Wage Inflation Does Not Necessarily Generate Inflation In The Short Term.
What is the cause of inflation? Pan Jiancheng said that in the theory of economics, there is a theory of quantity of money, which means that excessive supply of money will lead to inflation. The theory of demand pull refers to inflation caused by excessive demand, and the theory of cost push. Why does cost push inflation? Theoretically, this is possible. In a competitive market, prices are basically determined by supply and demand. Assuming that part of the enterprise's profit margin is very low, it may not be able to bear the pressure of rising costs. If demand is still large and there is no change at that time, then the relationship between supply and demand may change, which may lead to higher prices of products.
Since the rise in wages does not necessarily bring inflation, what is the cause of inflation?
Pan Jiancheng believes that from the perspective of our history, it is mainly the price of agricultural products. This feature has been very good in recent years in the price trend. Taking the first half of this year's CPI, most of it is mainly caused by rising food prices. This year's summer grain is the third best harvest in history. The autumn grain is also stable at present. The planting area is increasing. Although some provinces are suffering from floods, if they manage well, there will be no big fluctuations.
As a matter of fact, whether wage increases lead to rising costs will not be a driving force for price rise. The key lies in whether enterprises can bear the rise of this cost. If the profitability of enterprises is good and the rise of human cost can be digested, the driving force for price rise will not be great. In the first half of this year, the profit of enterprises was relatively good, and the profit margin of sales continued to rise. This shows that the first half of the business is still very good. In the second half of the year, even if there are some difficulties, it may be able to digest.

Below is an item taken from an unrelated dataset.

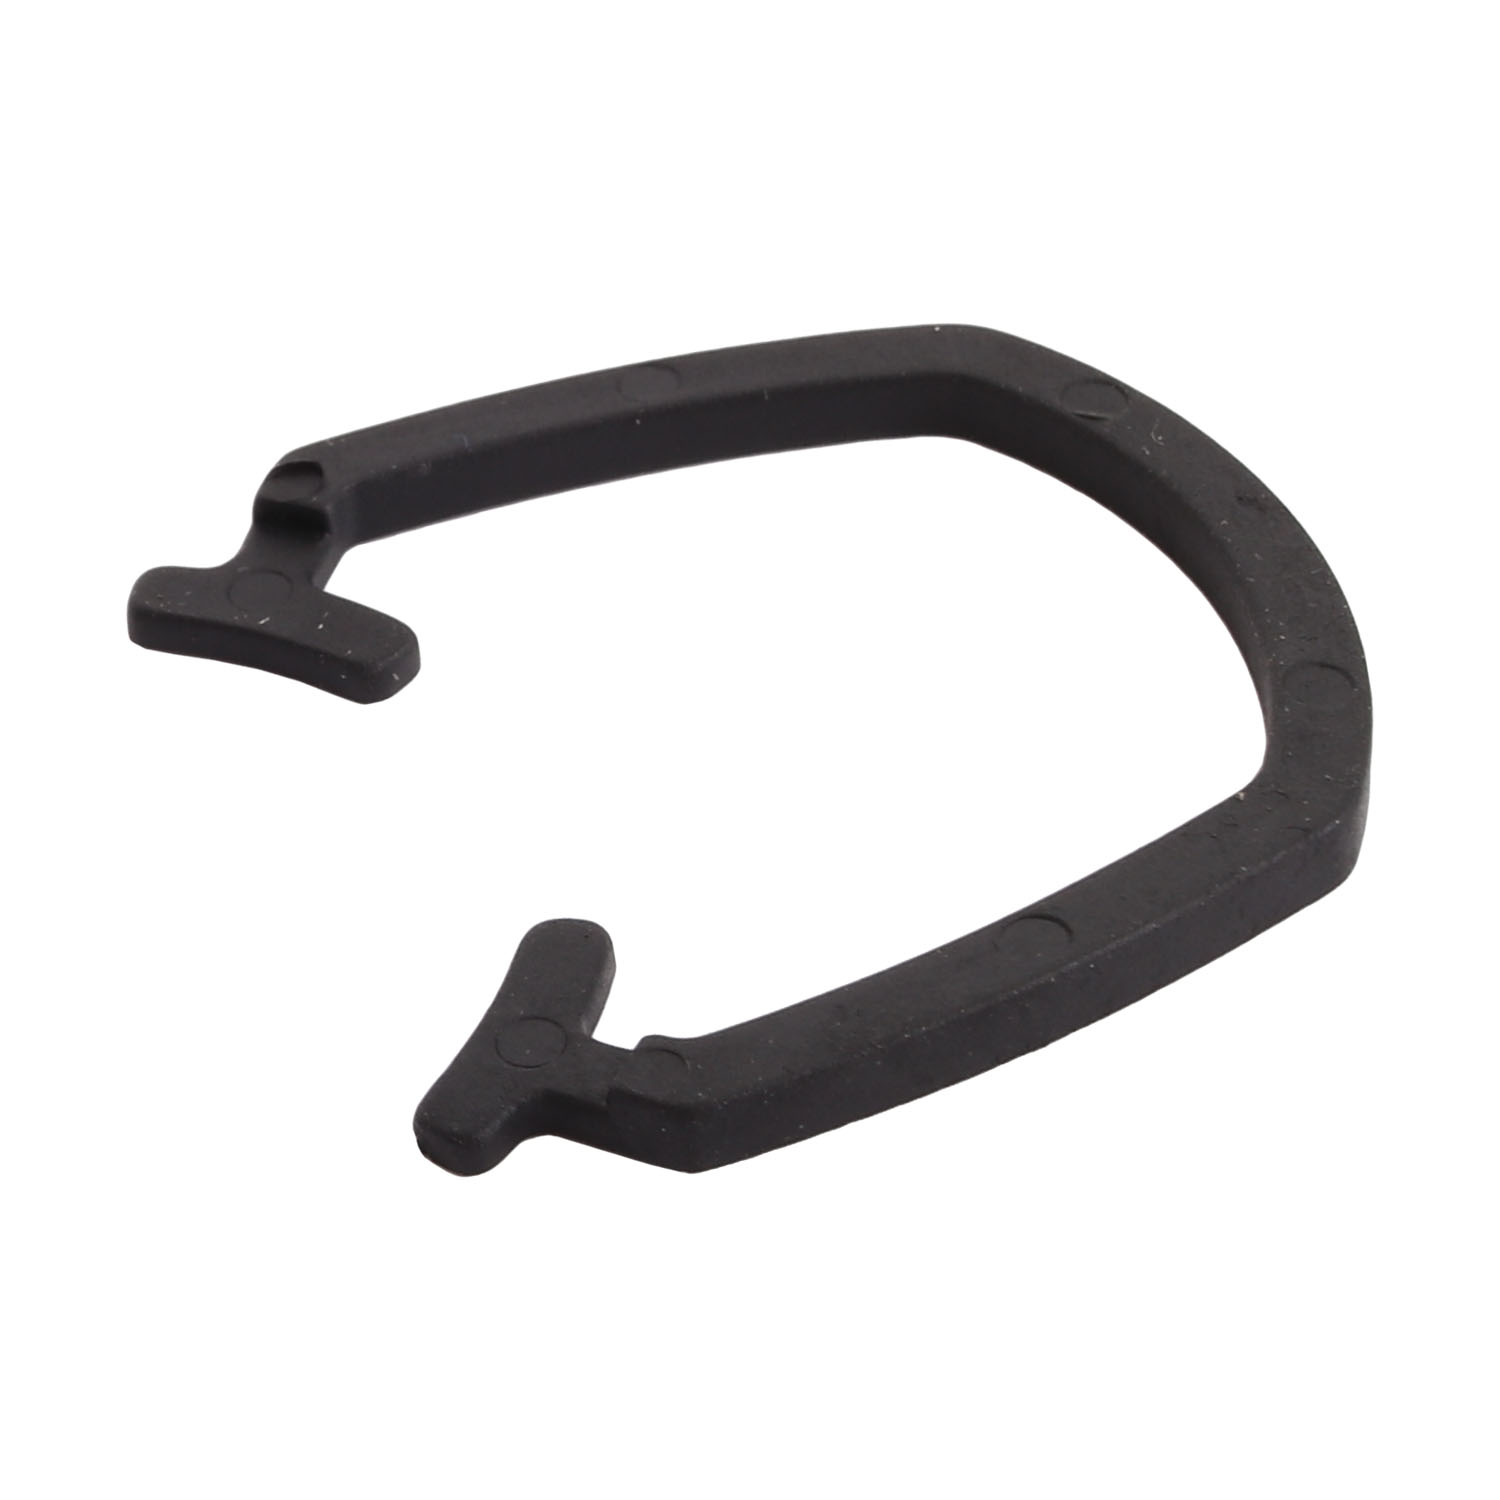 Picture of Giant Aero Headset Spacer | 31.8 x 37.9 mm - 1319-318OD2-0004 | Rubber / 2.5 mm

In the long run, wages and prices will rise, and wage increases will be much higher than price increases. "As I mentioned before, the future price is not mainly due to, or not directly because of wage rise, or depends on the change of supply and demand. To some extent, the change of supply and demand depends on the way of increasing supply. For example, at present, wage increases force enterprises to upgrade their technology and bring about two results: first, by improving efficiency and keeping profits, the pressure on price increases due to the increase in human costs is reduced; two, because of the upgrading of equipment, the demand for labor in unit output decreases, resulting in an increase in employment pressure, which will further affect the wage increase and will not enter the cycle of rising wages and prices. Pan Jiancheng said.
"Although the data from nearly 10 years can be concluded that the correlation between wage inflation and inflation is not significant, wage inflation does not necessarily generate inflation in the short term, but it is necessary to prevent inflation expectations arising from it," Pan Jiancheng cautioned. He believes that the change of expectation is faster than the real supply and demand relationship, leading to the emergence of real inflation. "It is expected that the supply and demand will be changed, and those who sell will not be sold and hoarding up. The buyers will buy more than they need, leading to price increases. Therefore, managing inflation expectations is not the same thing as preventing inflation. This year, the inflationary pressure caused by supply and demand is not large. The key is to prevent the rise of inflation expectations due to the amplification of some individual products, such as the rise of garlic or the rise in wages of migrant workers.